Counsel concluded that the Court was too lenient to save the appellant the maximum penalty of death or life imprisonment. That Court should be pleased to find that imprisonment of 32 $\frac{1}{2}$ years was low compared to recent decisions of this Court.

#### **Court's consideration of ground one:**

We have carefully examined the record of proceedings from the trial Court, thoroughly considered the submissions made for and against this appeal, the applicable law, and the authorities cited by both counsel.
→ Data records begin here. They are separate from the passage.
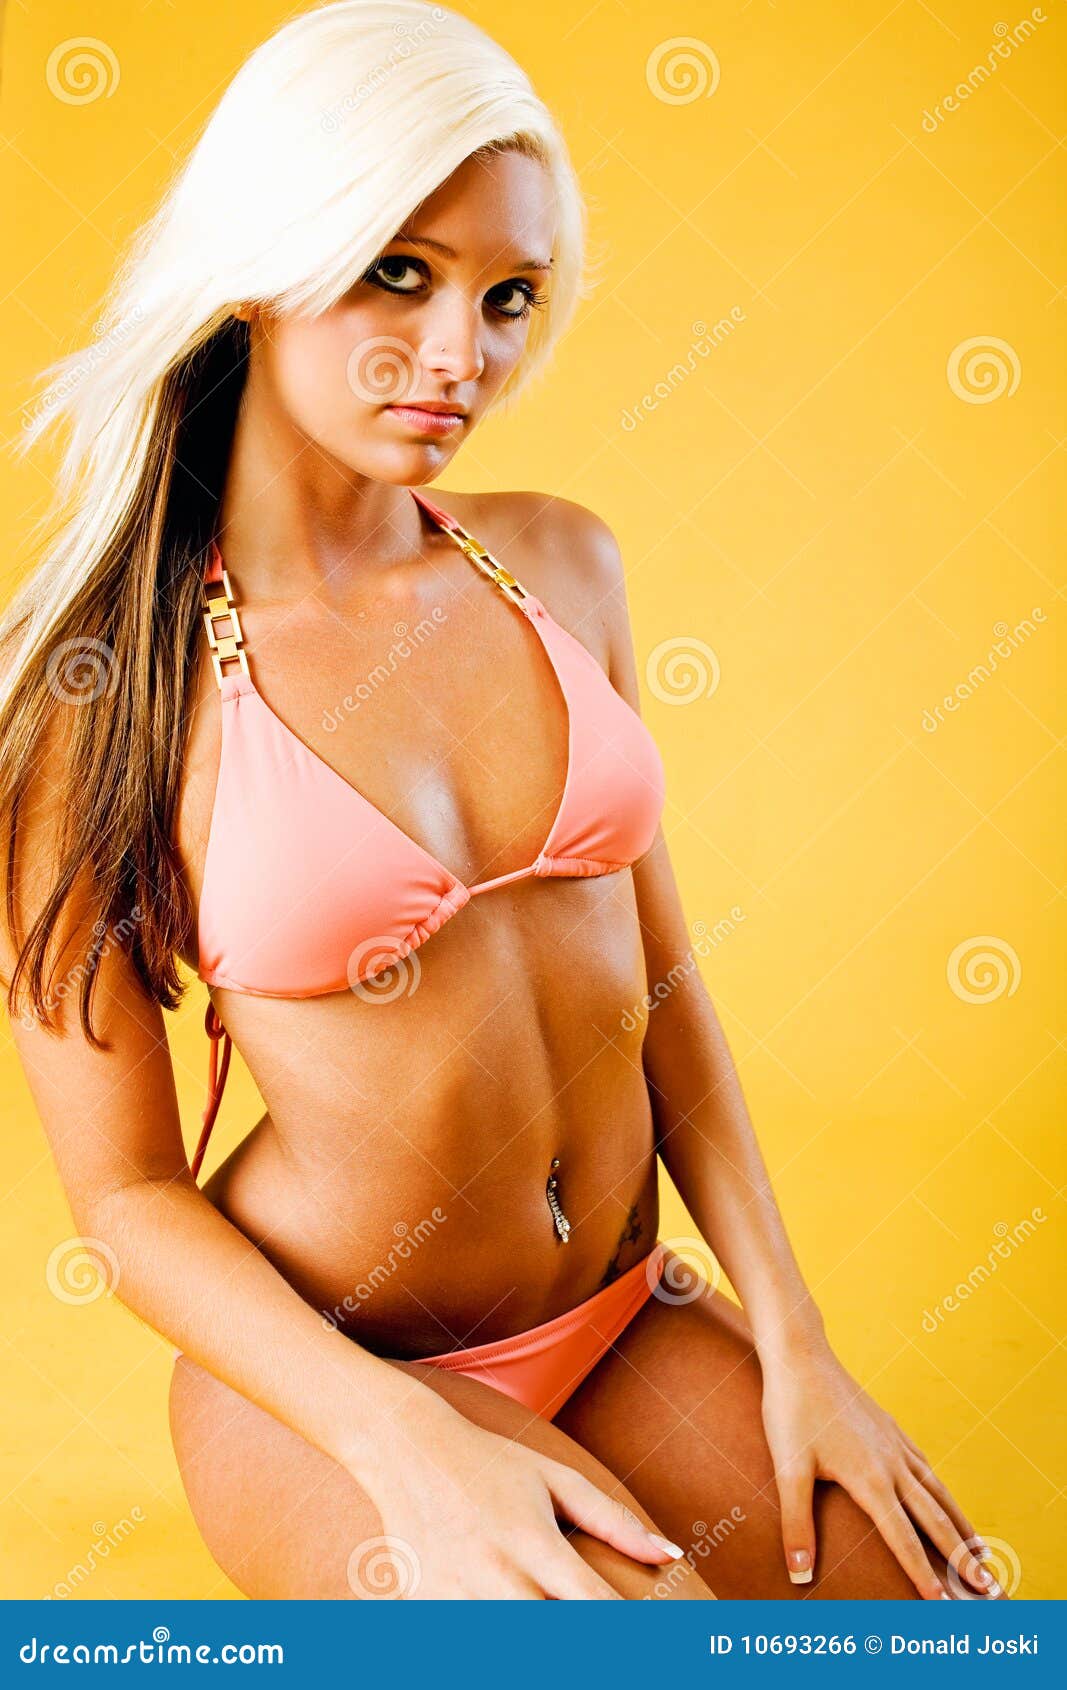 Hot Blonde Bikini Pics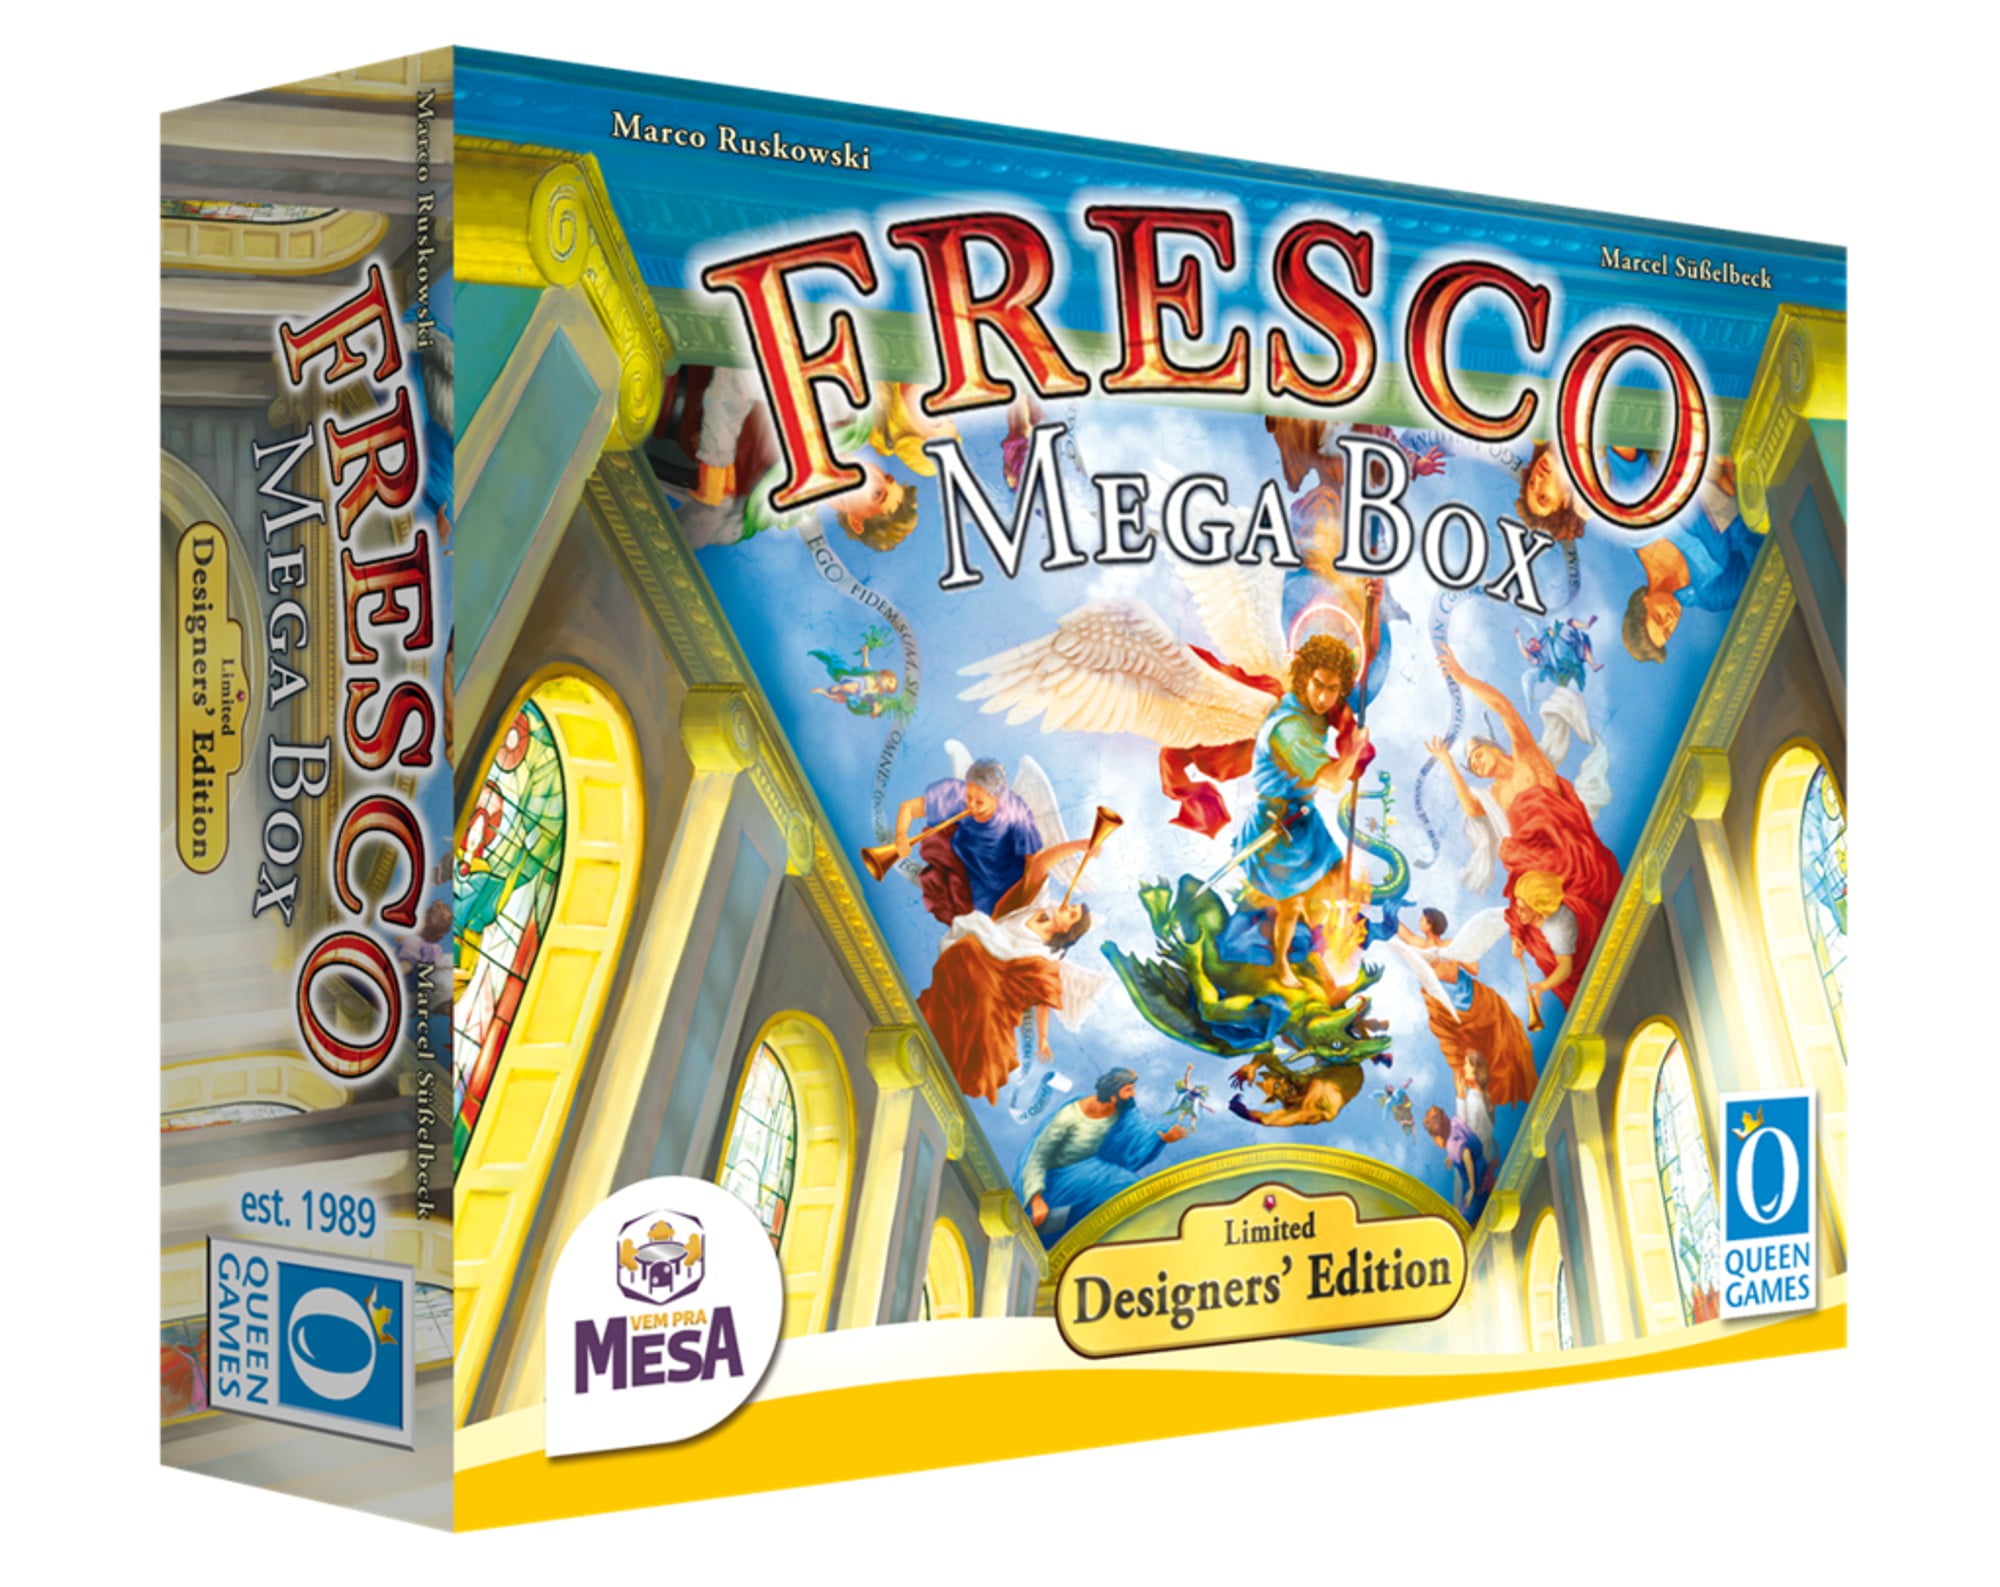 Fresco Mega Box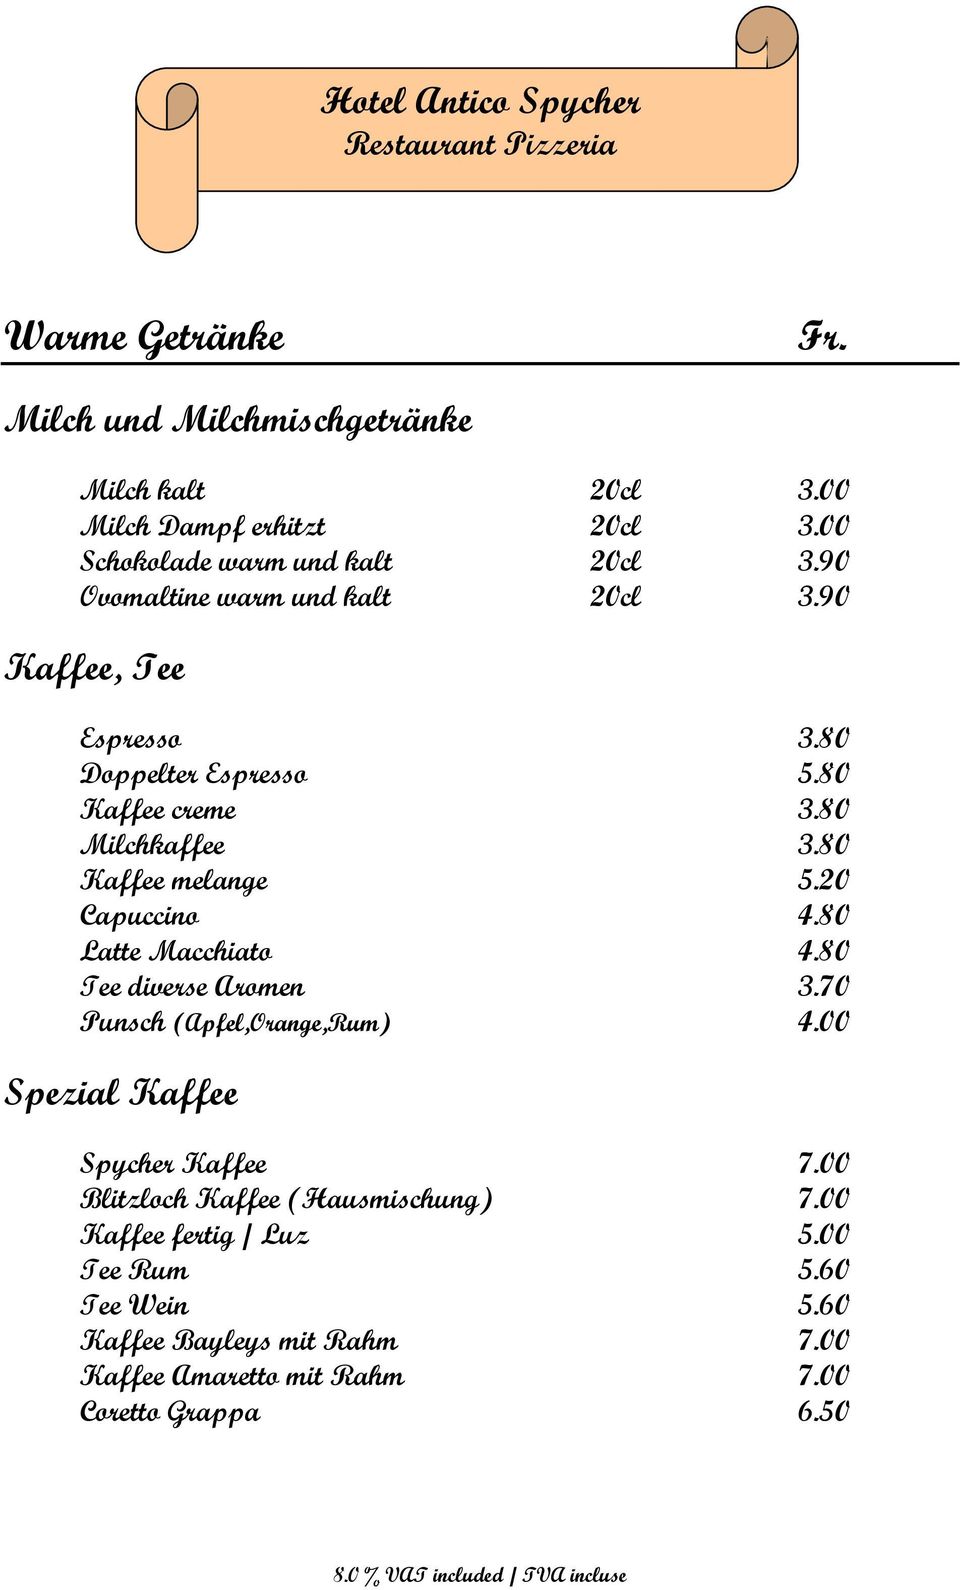 20 Capuccino 4.80 Latte Macchiato 4.80 Tee diverse Aromen 3.70 Punsch (Apfel,Orange,Rum) 4.00 Spezial Kaffee Spycher Kaffee 7.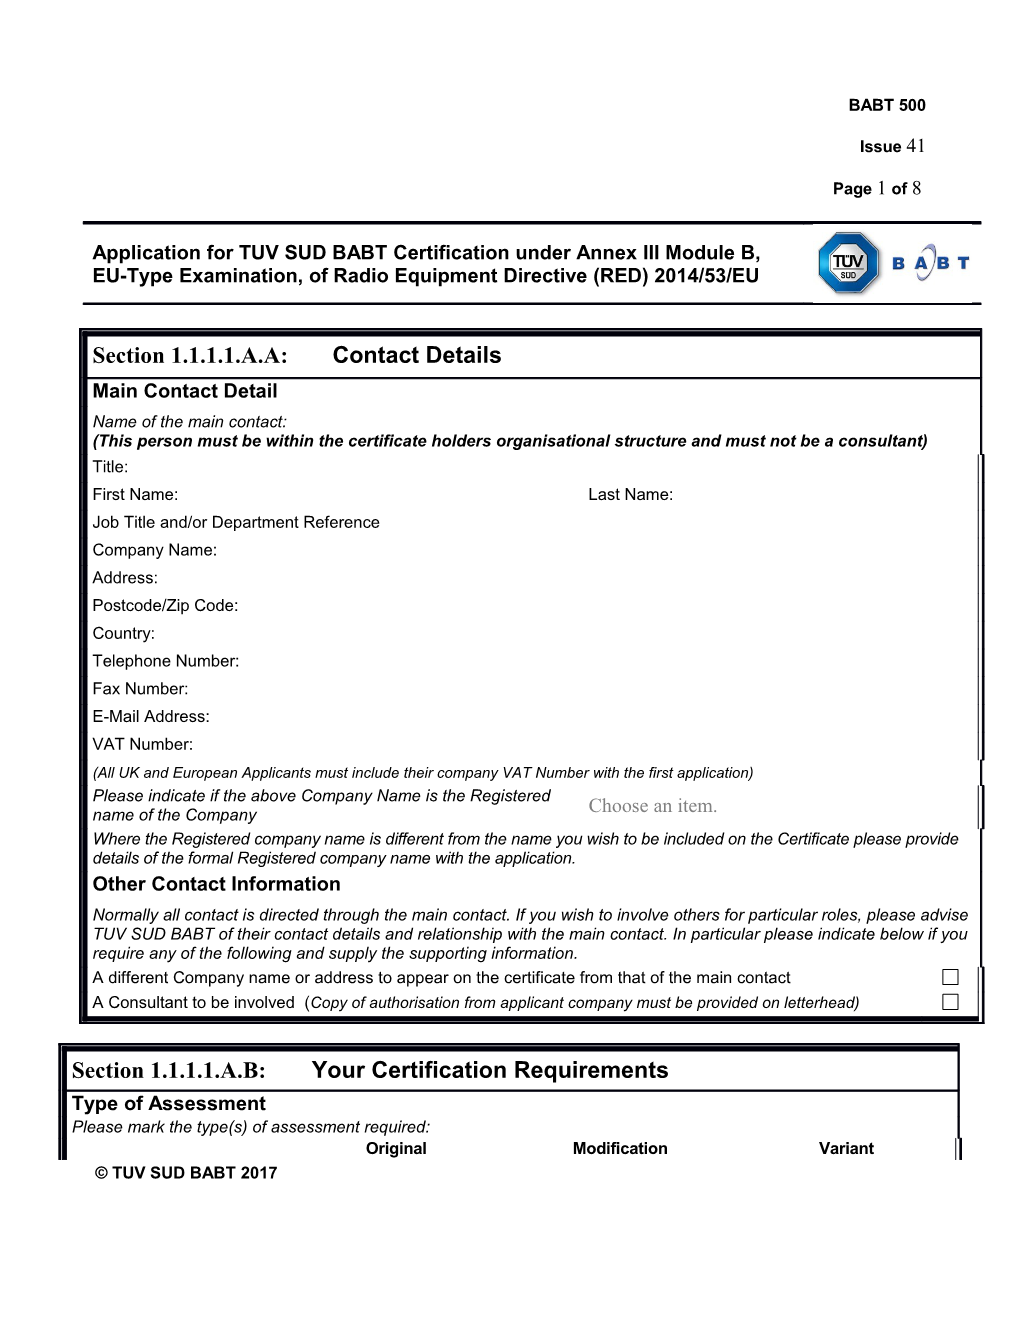 Application for TUV SUD BABT Certification Under Annex III Module B, EU-Type Examination

Being a first appeal, we are guided by our mandate under Rule 30(1)(a) of the Judicature (Court of Appeal Rules) Directions, SI 13-10, which requires this Court to subject the evidence adduced at trial to a fresh and exhaustive scrutiny, re-evaluate it, and arrive at its conclusions. In undertaking this task, we remain cognizant of the fact that we are not to disregard the findings of the trial Court but must weigh and assess them with due consideration. (See: Kifamunte Henry v Uganda, Supreme Court Criminal Appeal No. 10 of 1997).

It is trite law that an appellate Court will only alter a sentence imposed by the High Court if it is evident that it acted on a wrong principle or overlooked some material $25$ factor, or if the sentence is manifestly excessive given the circumstances. See: Livingstone Kakooza Vs Uganda Supreme Court Criminal Appeal No. 17 of 1993.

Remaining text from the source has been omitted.